-- What you have to do --
Images should be left out, and everything else in the listing reproduced exactly.

-------- Information shown

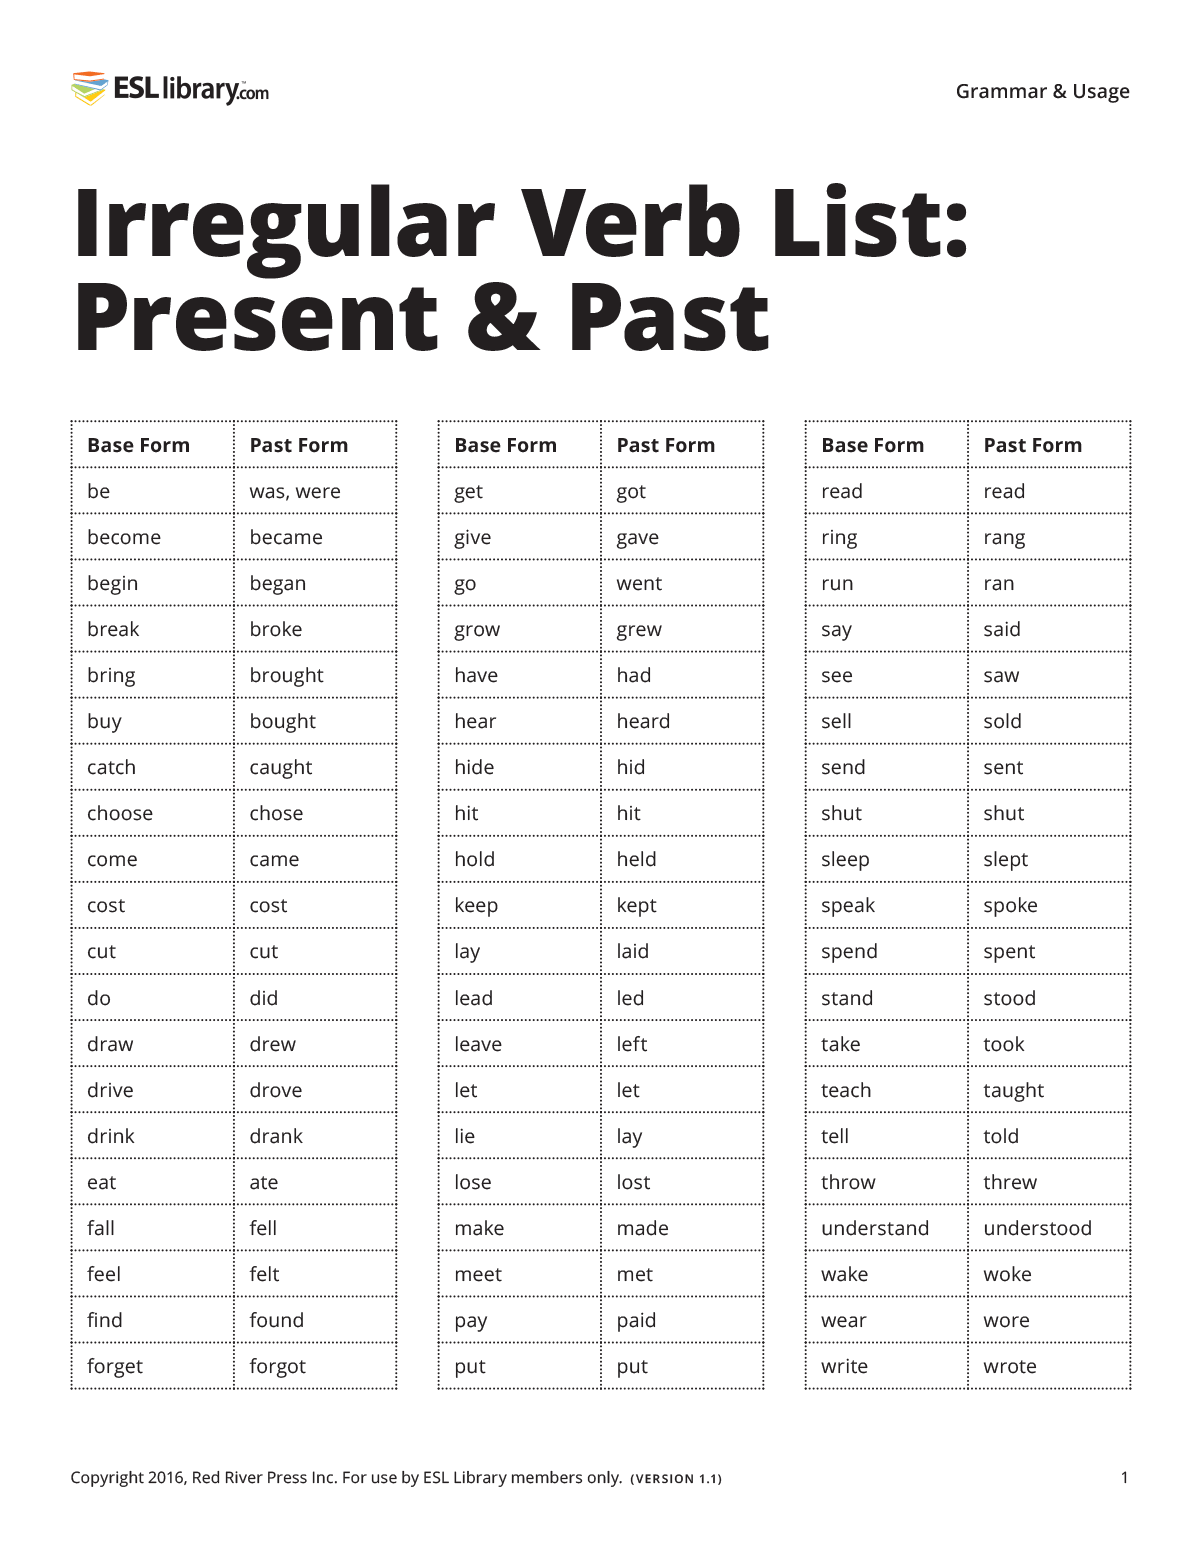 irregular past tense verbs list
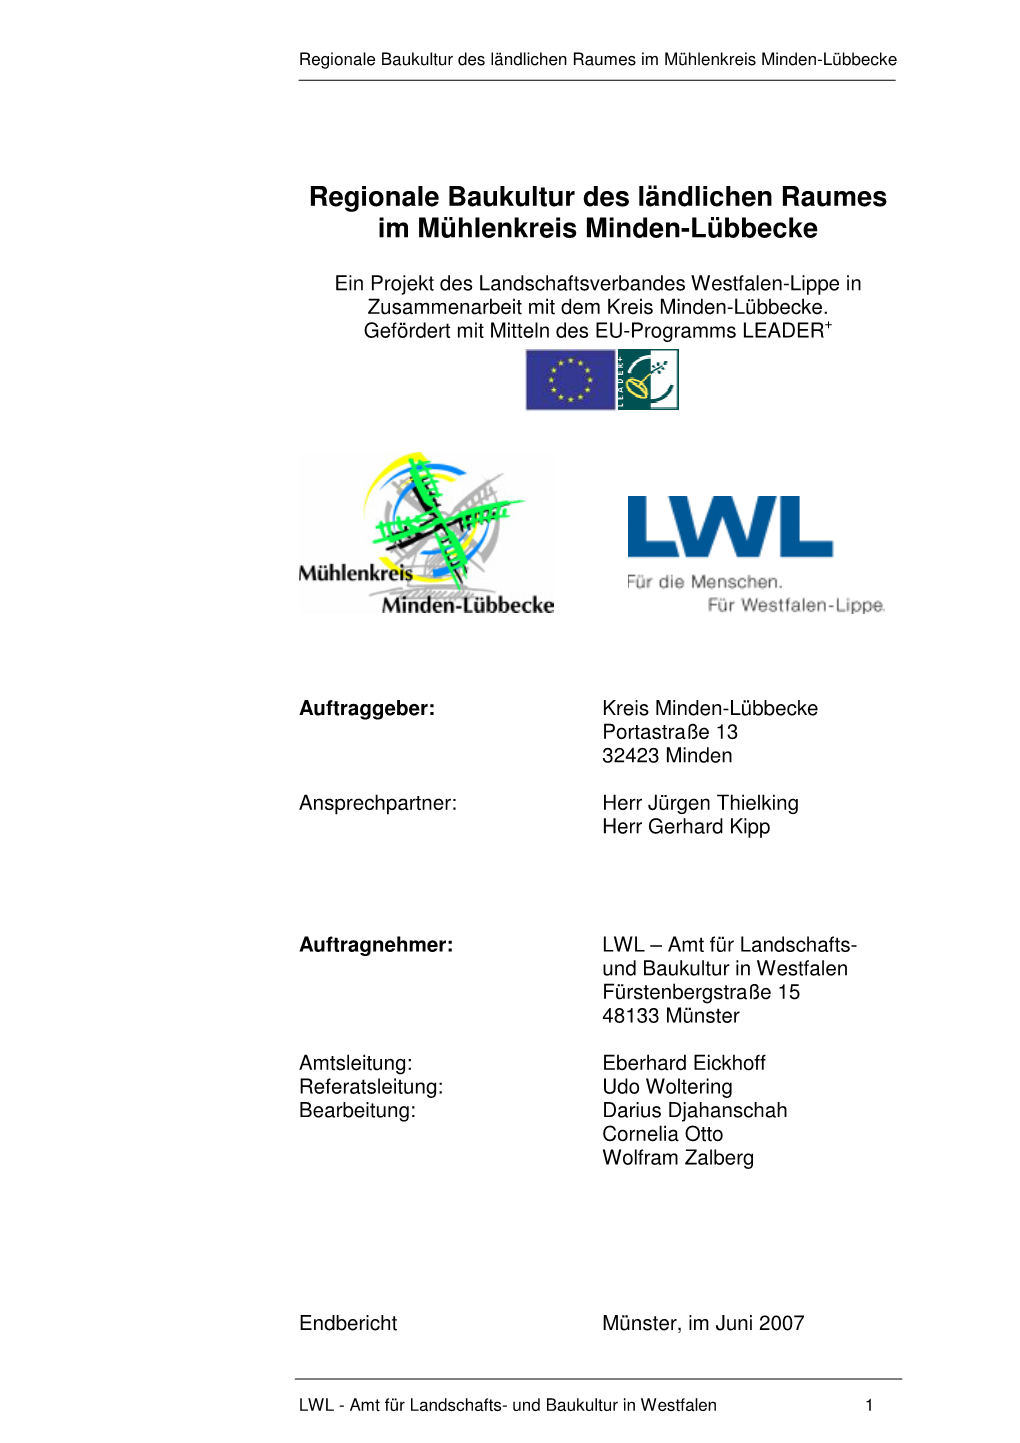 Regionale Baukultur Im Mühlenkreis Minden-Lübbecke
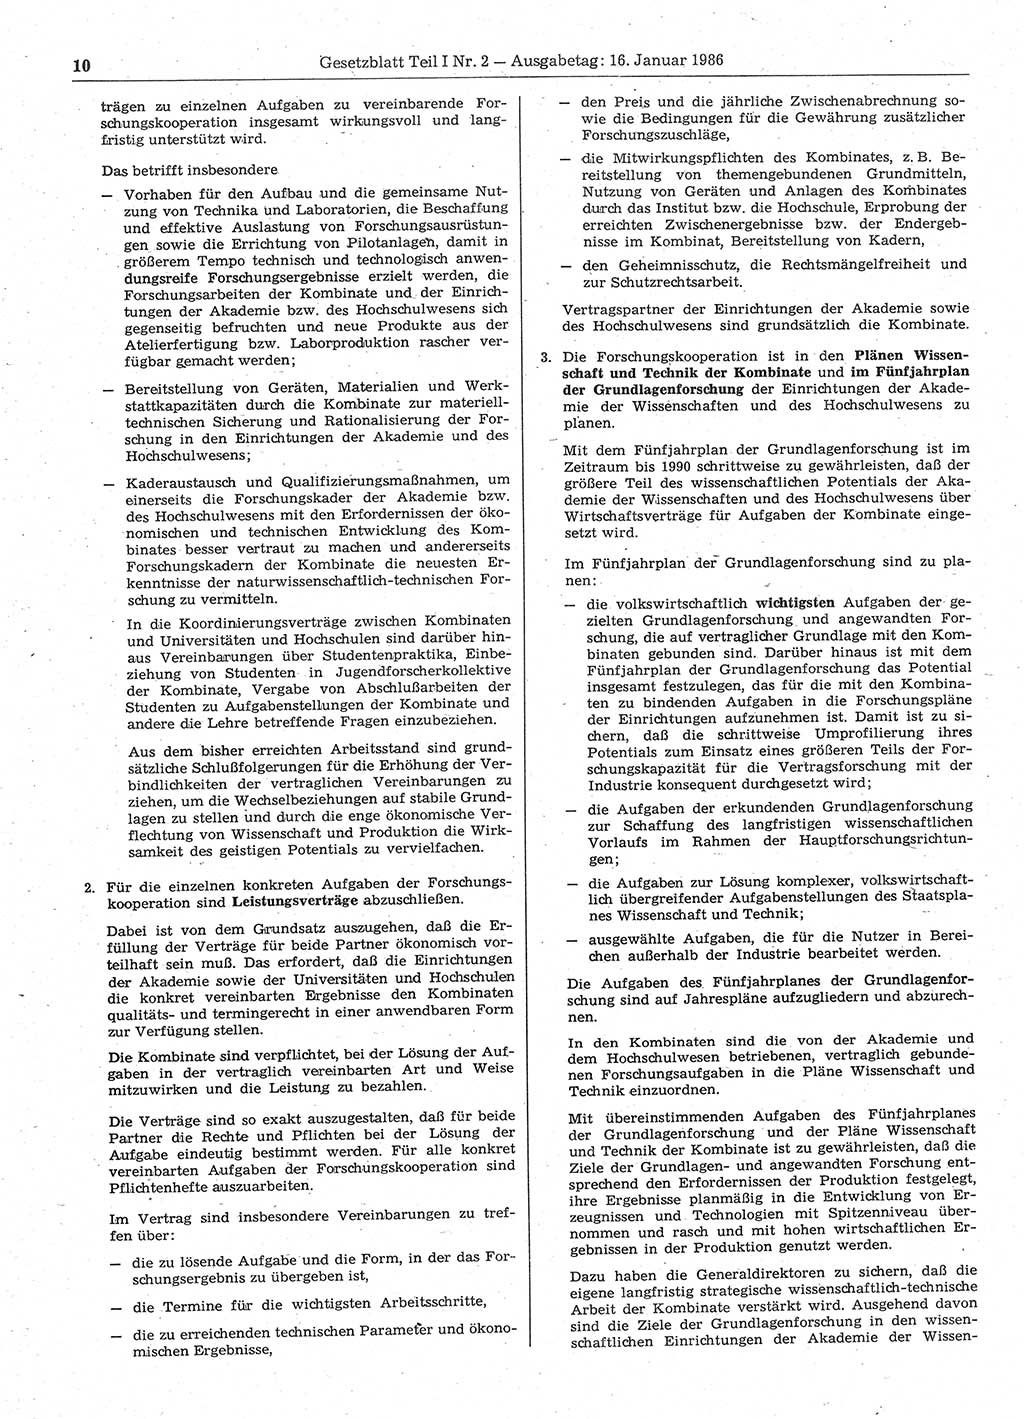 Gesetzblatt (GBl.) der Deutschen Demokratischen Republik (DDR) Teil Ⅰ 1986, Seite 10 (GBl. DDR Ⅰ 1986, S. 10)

----------------

-- Solution --
 irregular past tense verbs list
 Regionale Baukultur Im Mühlenkreis Minden-Lübbecke
 Gesetzblatt (GBl.) der Deutschen Demokratischen Republik (DDR) Teil Ⅰ 1986, Seite 10 (GBl. DDR Ⅰ 1986, S. 10)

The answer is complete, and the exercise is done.